Formative assessment and feedback
EVS handsets may be used extensively in the lectures, with each lecture consisting of a number of slides explaining the theory followed by a number of slides gauging the students’ understanding. The answers are discussed when necessary, eg if a high proportion (more than 25%) of the students get the answer wrong. Individual formative feedback will also be given during the lab sessions and as part of the summative assessment.
Module aims
- This module aims to deepen the students' understanding of mathematical functions and their applications, and demonstrate how these are relevant to the discipline. Octave will be used practically to illustrate how functions can be differentiated and integrated. The module also aims to show how sets of linear equations can be solved by simple matrix manipulations. Finally, students will gain insights into how statistics can be used to summarise and interpret data.
Learning outcomes
| Attributes Developed | ||
|---|---|---|
| 1 | Differentiate and integrate some elementary functions, including polynomials, exponential and trigonometric functions; | KCT |
| 2 | Apply differentiation, e.g. to solve optimisation problems | KCT |
| 3 | Apply integration, e.g. to find the mean value of function and the area between curves | KCT |
| 4 | Solve linear equations using matrix manipulations | KCT |
| 5 | Understand and apply simple statistical methods; | KCT |
| 6 | Translate real-world problems into mathematical expressions to be solved | CPT |
Attributes Developed
C - Cognitive/analytical
K - Subject knowledge
T - Transferable skills
P - Professional/Practical skills
Overall student workload
Lecture Hours: 33
Laboratory Hours: 11
Methods of Teaching / Learning
The learning and teaching strategy is designed to:
- Help students be confident in manipulating mathematical functions
- Provide opportunities to explore mathematical concepts, like differentiation, using Octave
- Practise solving real-world problems by translating them into mathematical expressions
- Enable students to interpret data using simple statistical techniques
The learning and teaching methods include:
- Lectures (11 weeks at 2h) using EVS handsets to gauge the students’ understanding
- Laboratory session (10 weeks at 2h)
Indicated Lecture Hours (which may also include seminars, tutorials, workshops and other contact time) are approximate and may include in-class tests where one or more of these are an assessment on the module.

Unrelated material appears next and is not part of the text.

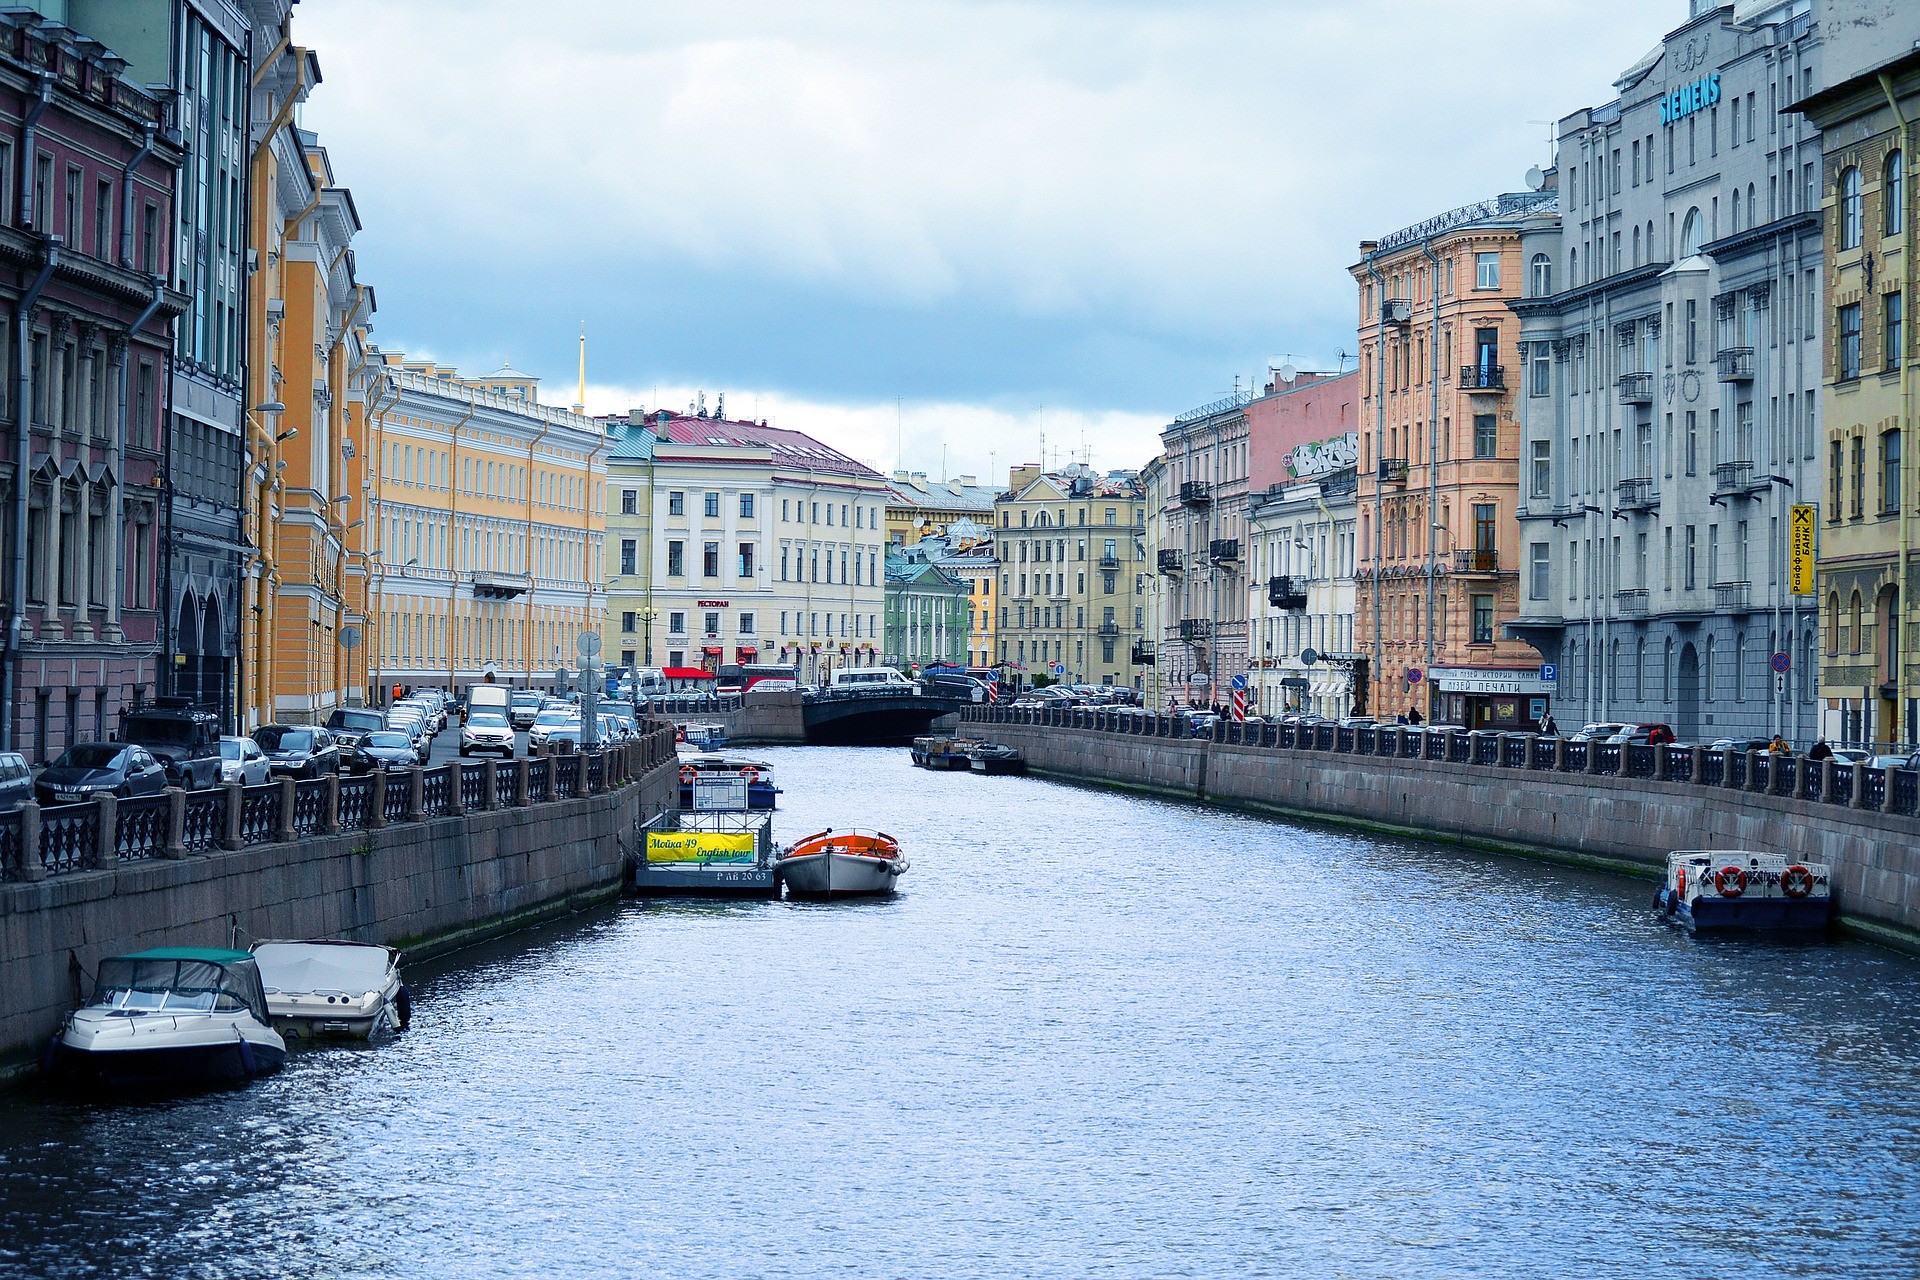 Scorcio di San Pietroburgo - Foto di Q K da Pixabay

In-class tests are scheduled/organised separately to taught content and will be published on to student personal timetables, where they apply to taken modules, as soon as they are finalised by central administration. This will usually be after the initial publication of the teaching timetable for the relevant semester.
Reading list
https://readinglists.surrey.ac.uk
Upon accessing the reading list, please search for the module using the module code: COM1033
Programmes this module appears in
| Programme | Semester | Classification | Qualifying conditions |
|---|---|---|---|
| Computer Science BSc (Hons) | 2 | Compulsory | A weighted aggregate mark of 40% is required to pass the module |
| Computing and Information Technology BSc (Hons) | 2 | Compulsory | A weighted aggregate mark of 40% is required to pass the module |
Please note that the information detailed within this record is accurate at the time of publishing and may be subject to change. This record contains information for the most up to date version of the programme / module for the 2021/2 academic year.